**EXERCISE BRIEF**
Restate every line below word for word, but drop each picture.

**STORED DATA**
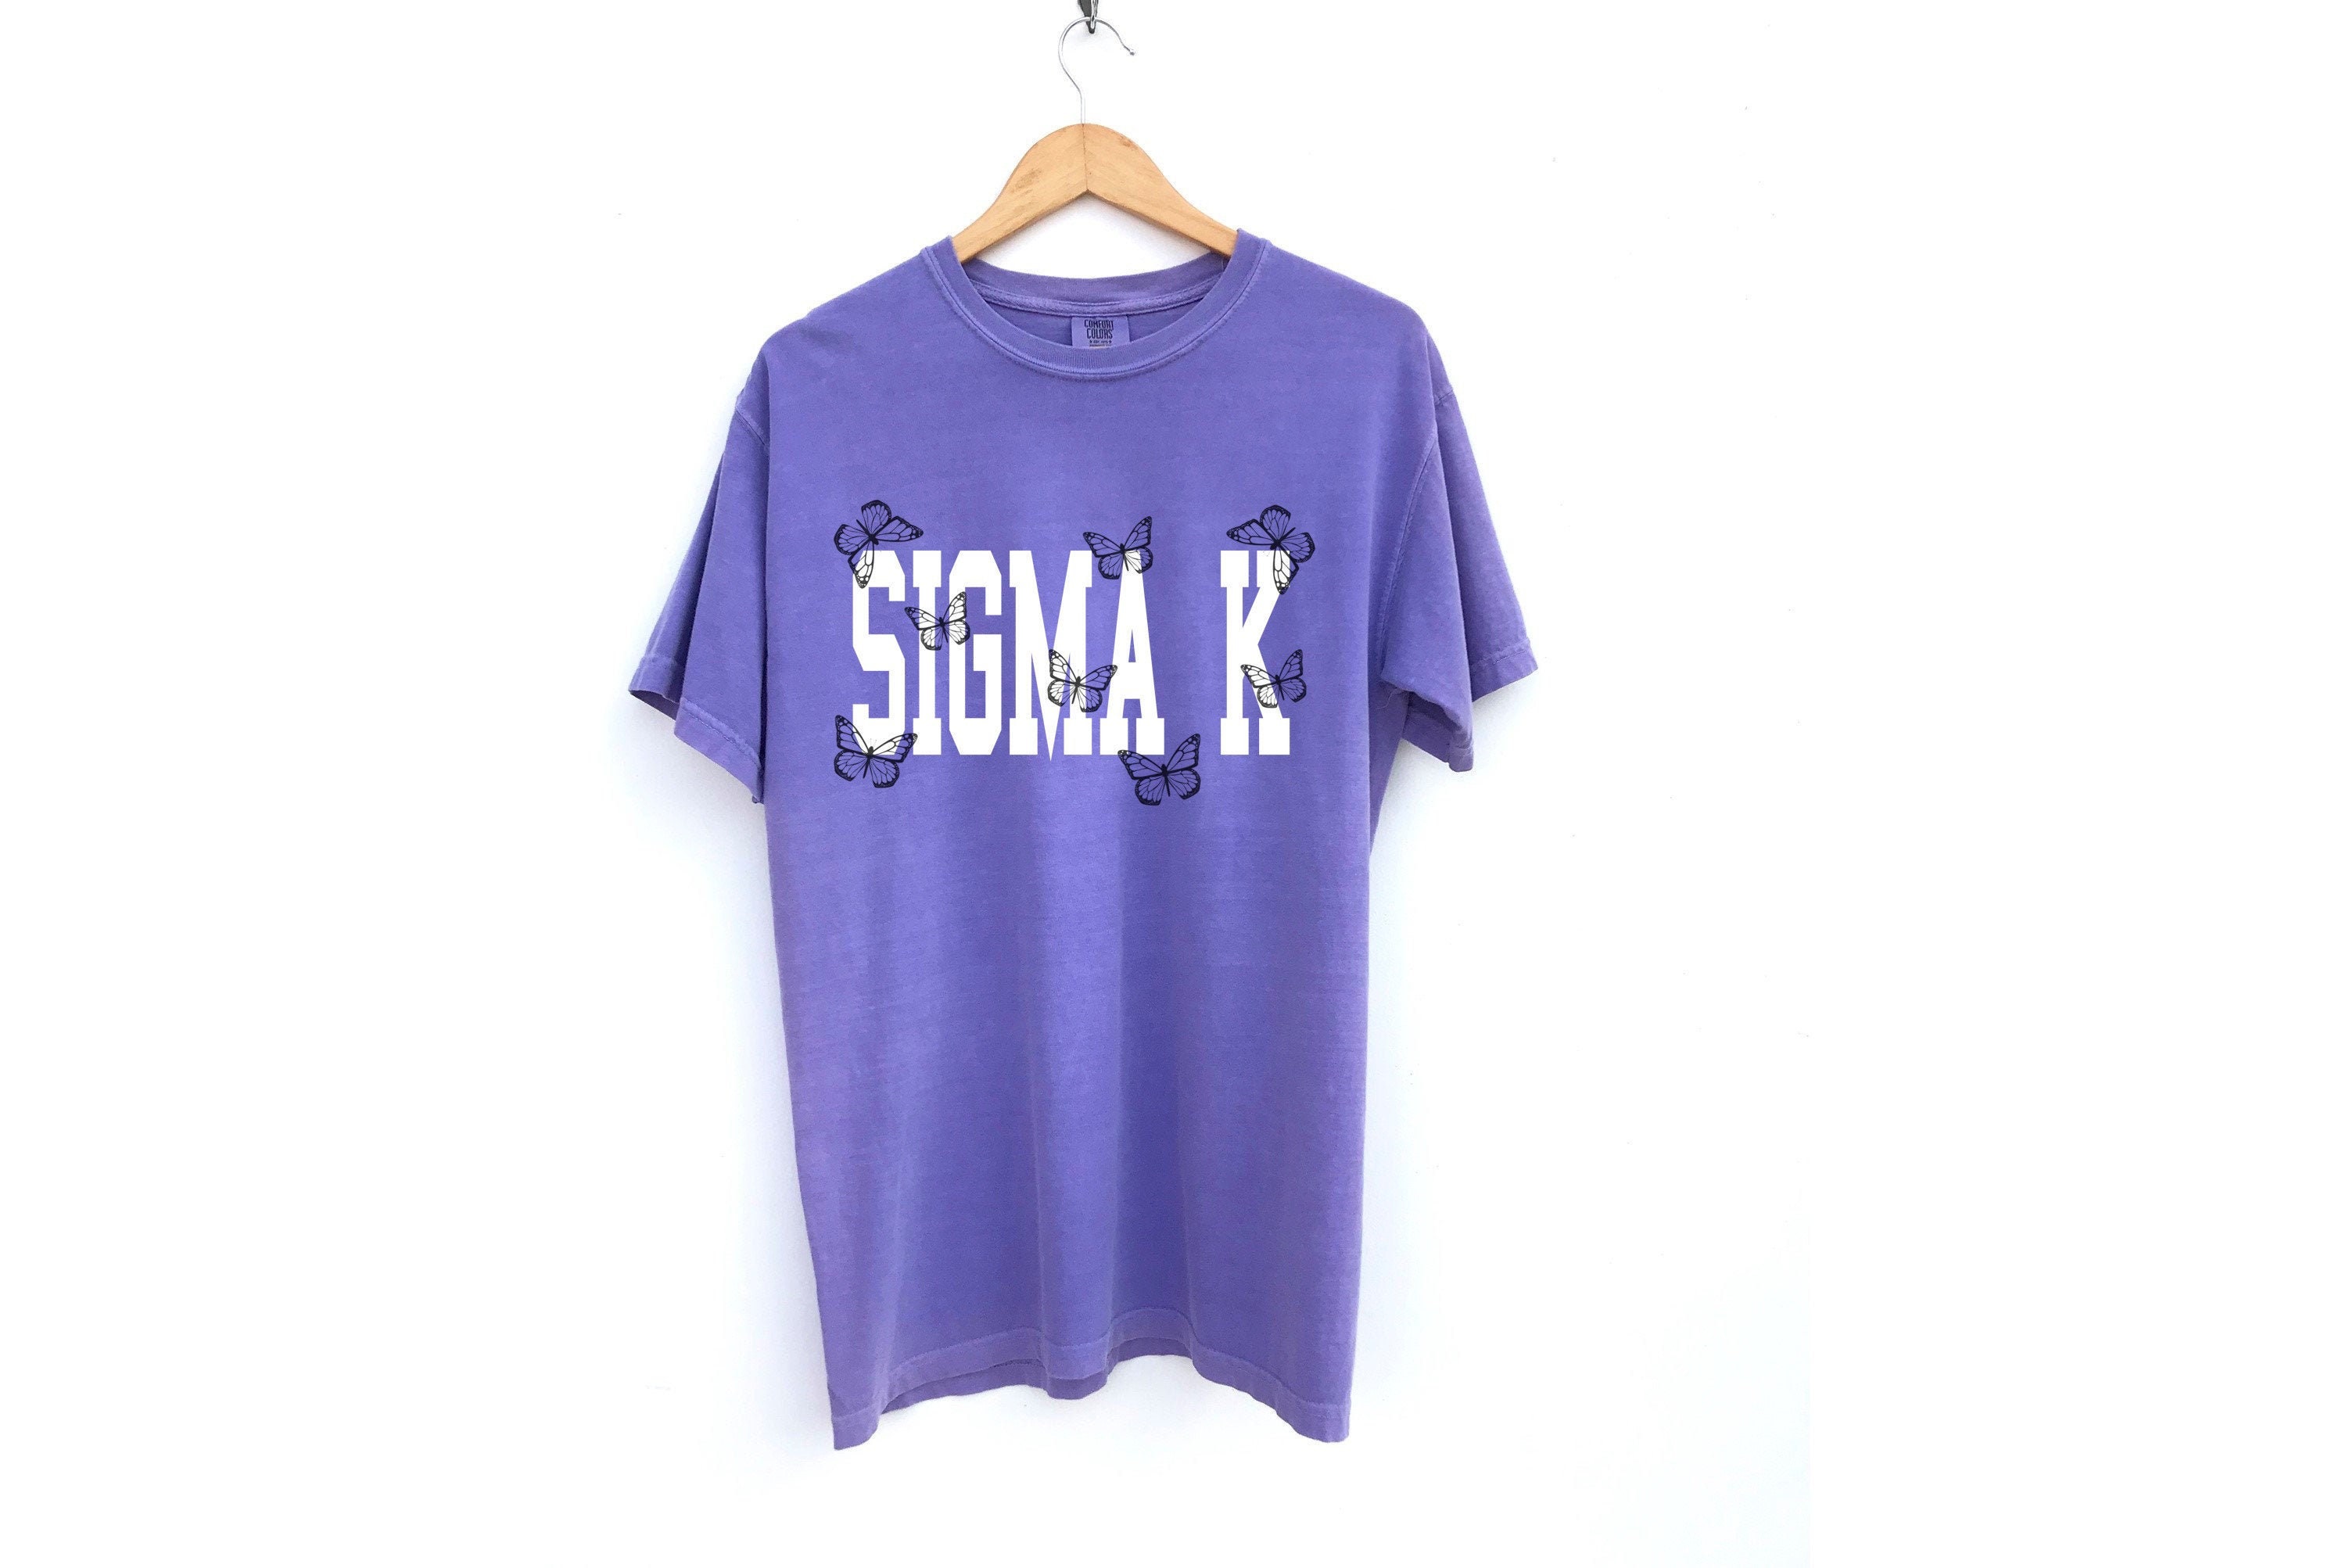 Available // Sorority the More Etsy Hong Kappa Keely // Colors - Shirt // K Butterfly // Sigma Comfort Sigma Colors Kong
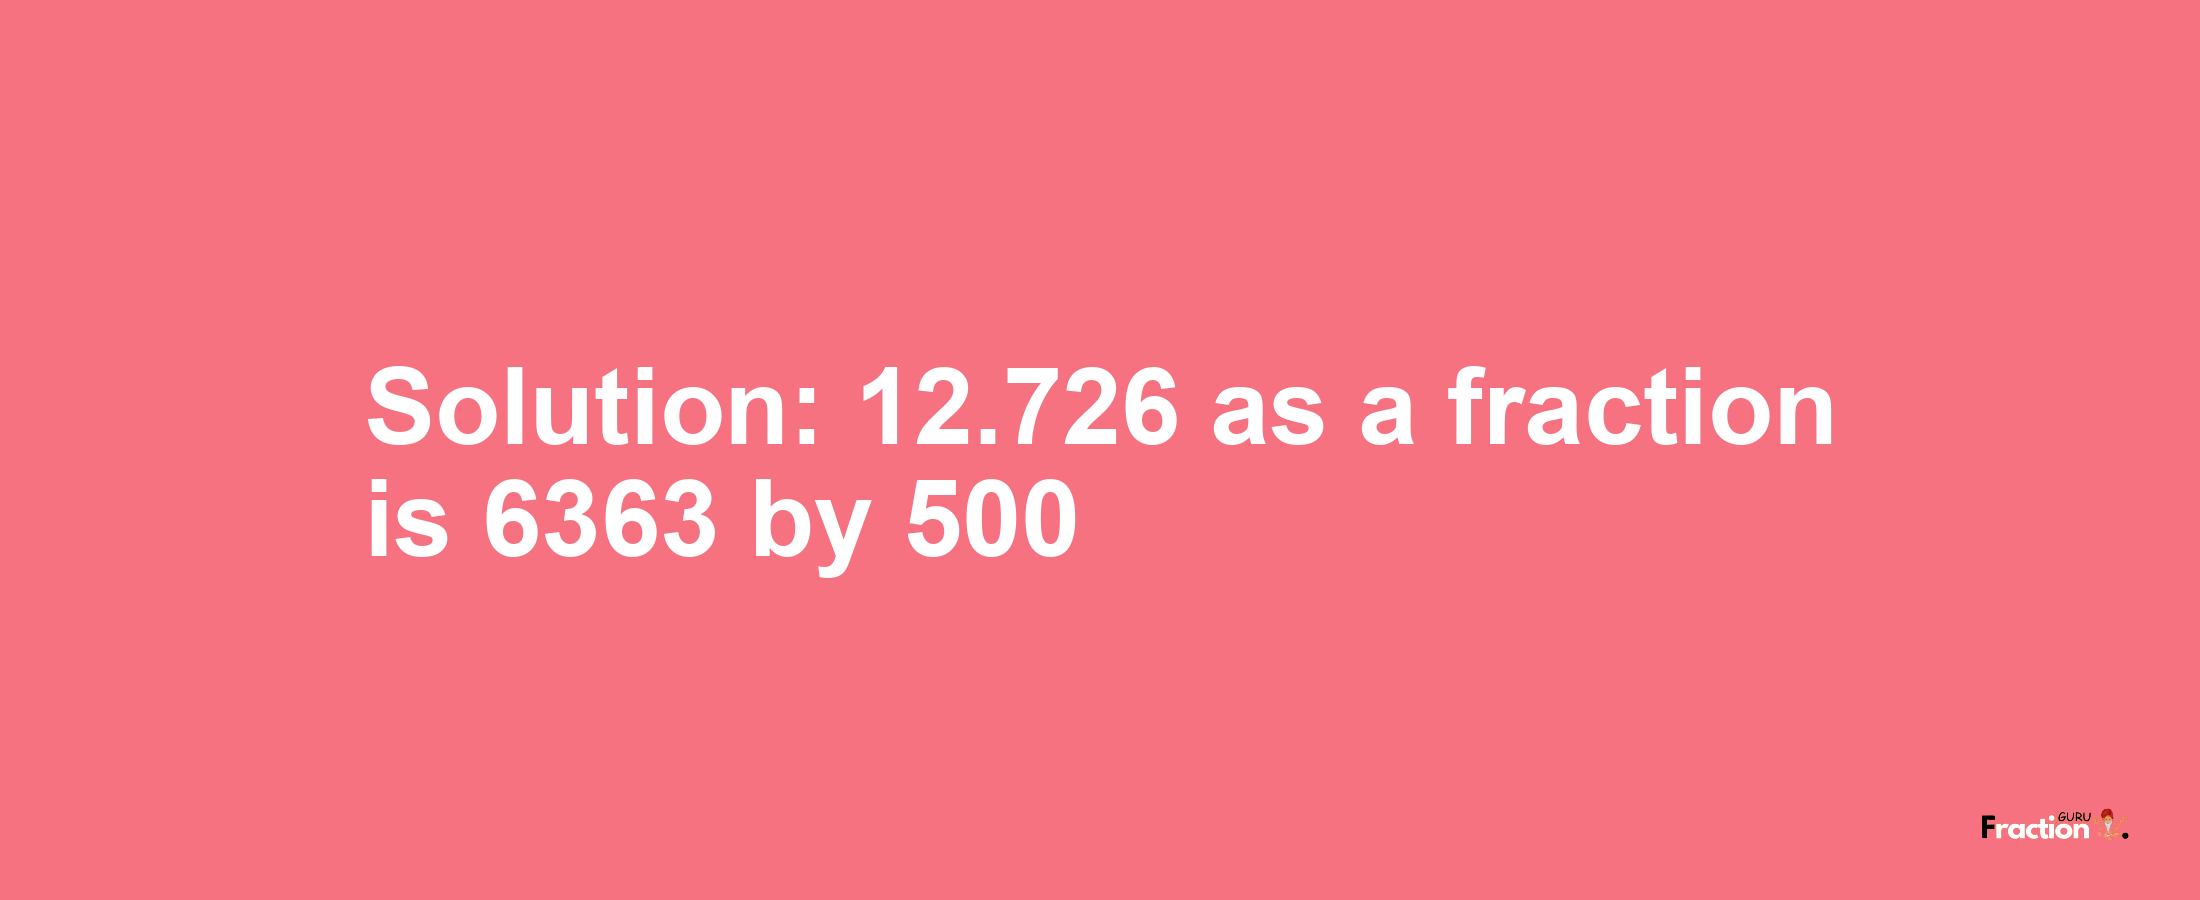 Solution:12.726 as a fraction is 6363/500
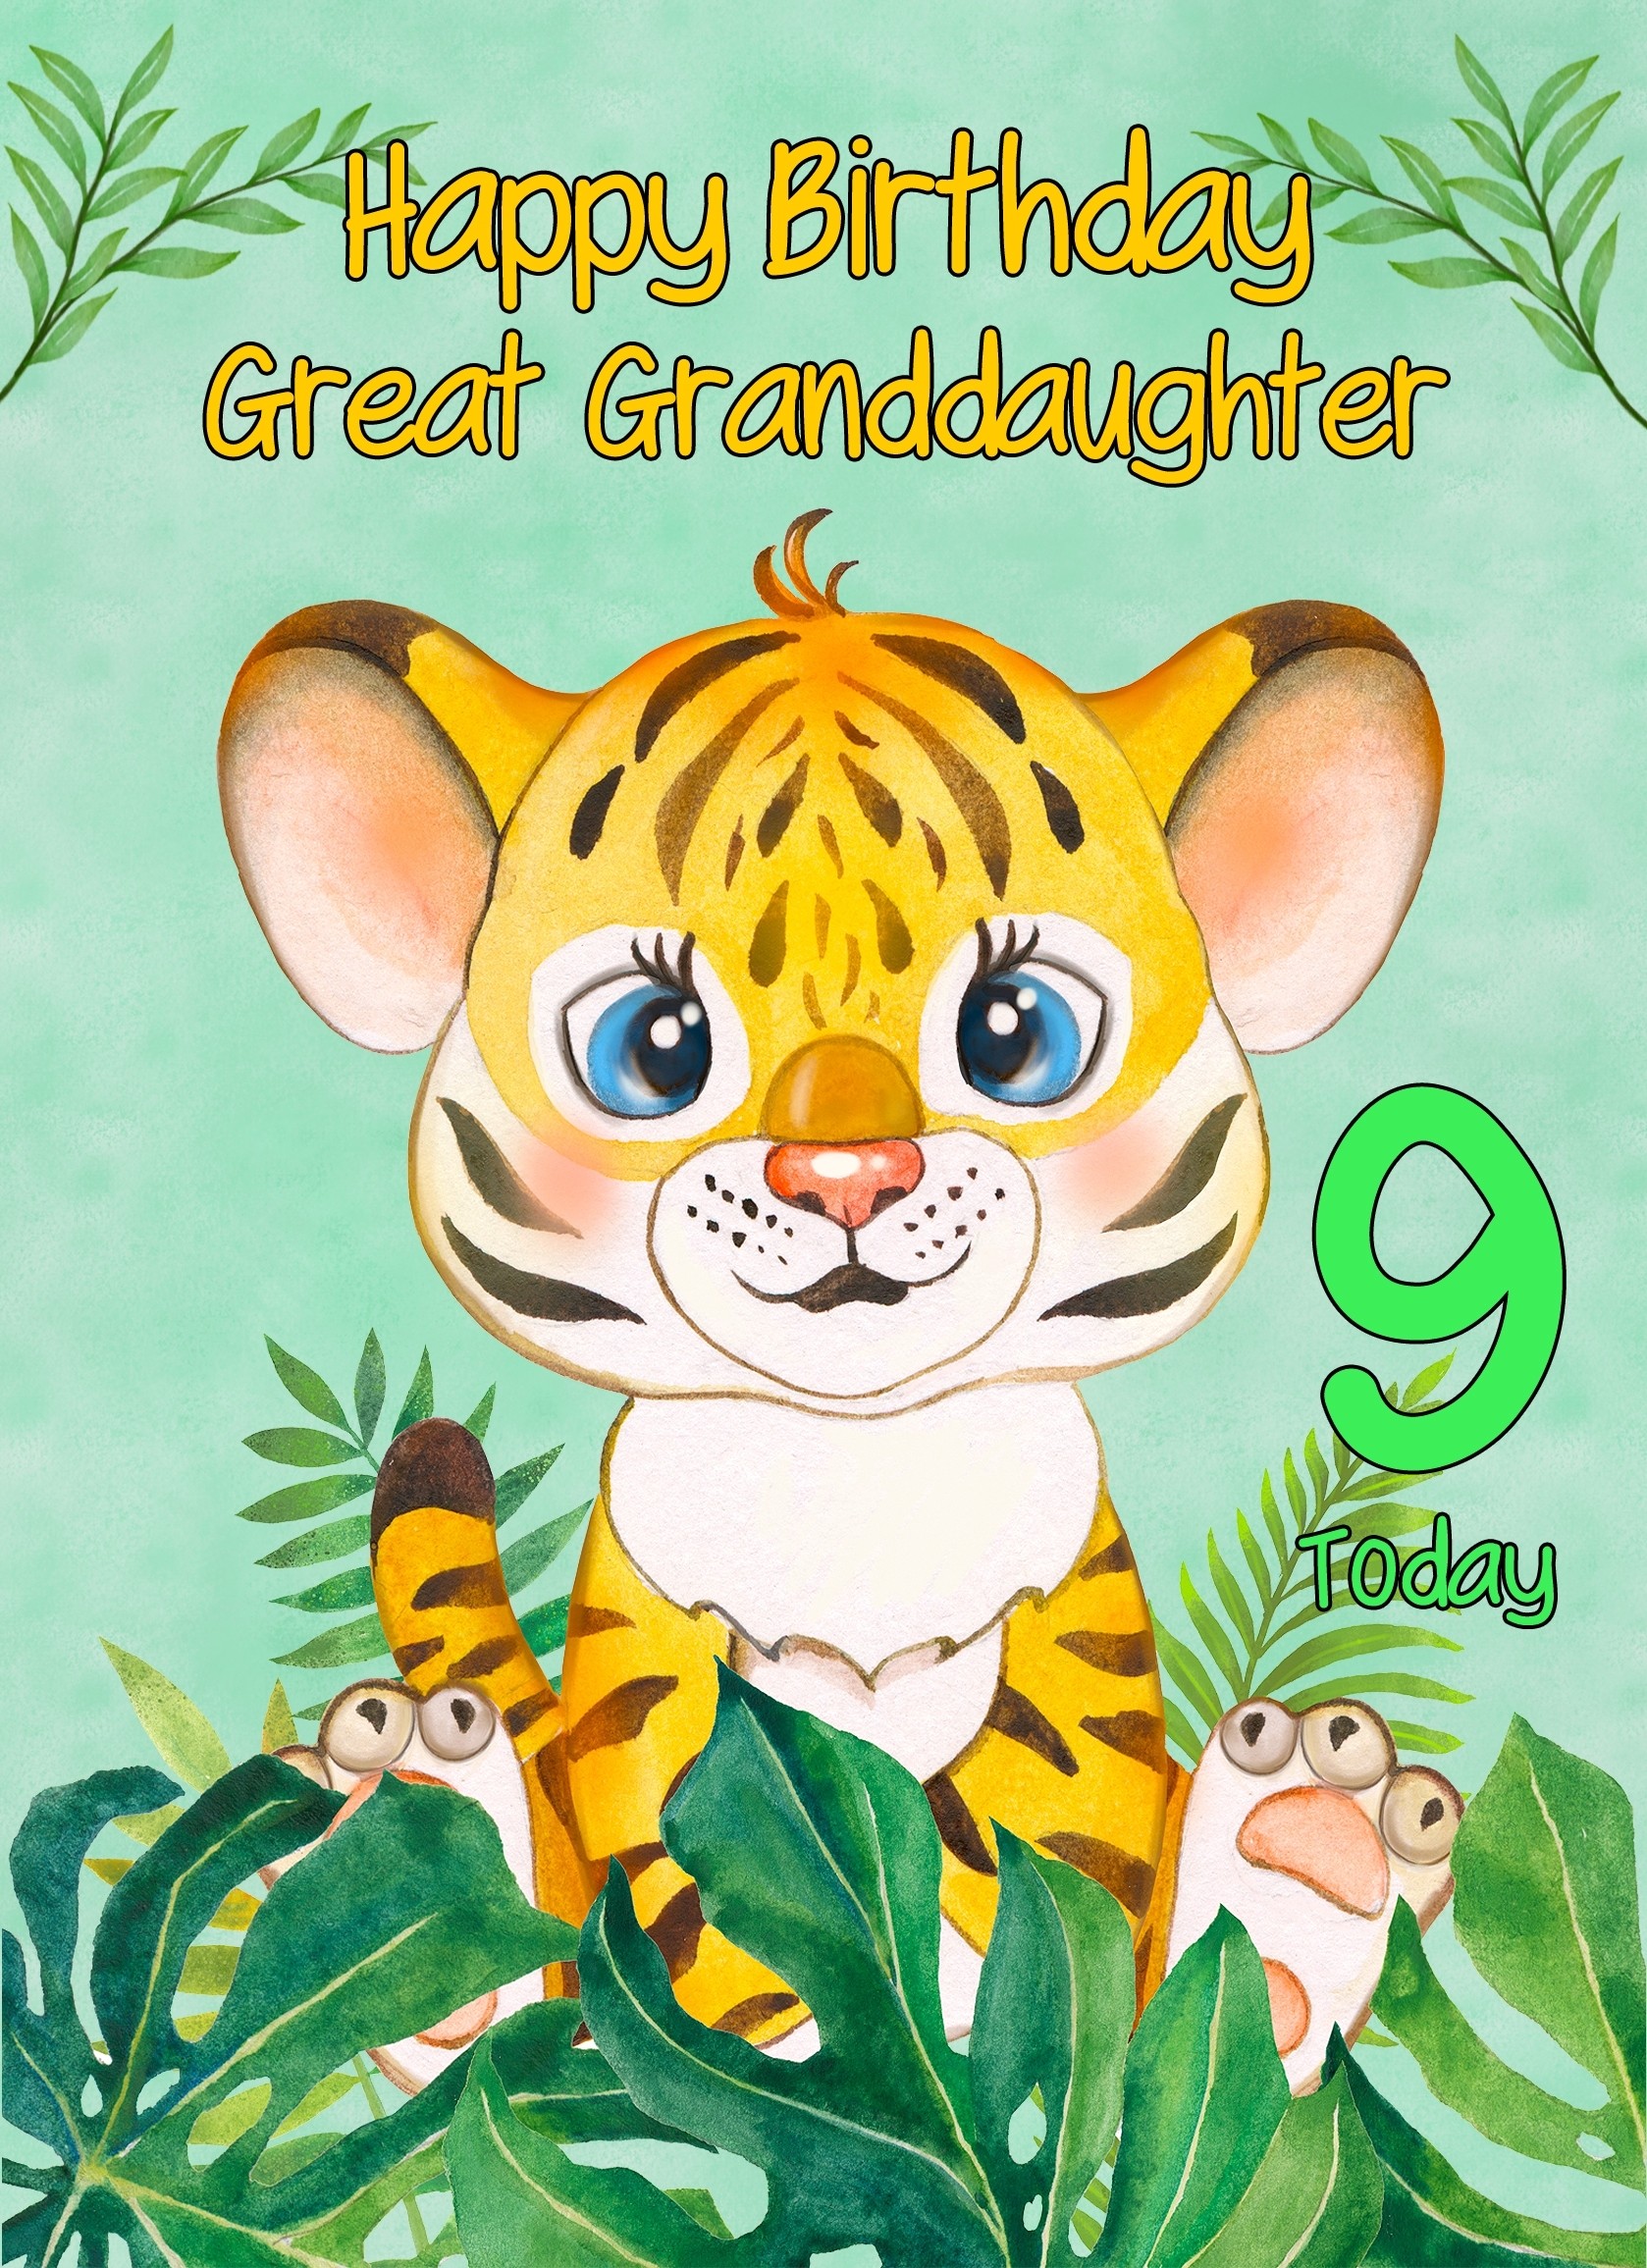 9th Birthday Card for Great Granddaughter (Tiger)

**COMPLETED TASK**
 Available // Sorority the More Etsy Hong Kappa Keely // Colors - Shirt // K Butterfly // Sigma Comfort Sigma Colors Kong
 Solution:12.726 as a fraction is 6363/500
 9th Birthday Card for Great Granddaughter (Tiger)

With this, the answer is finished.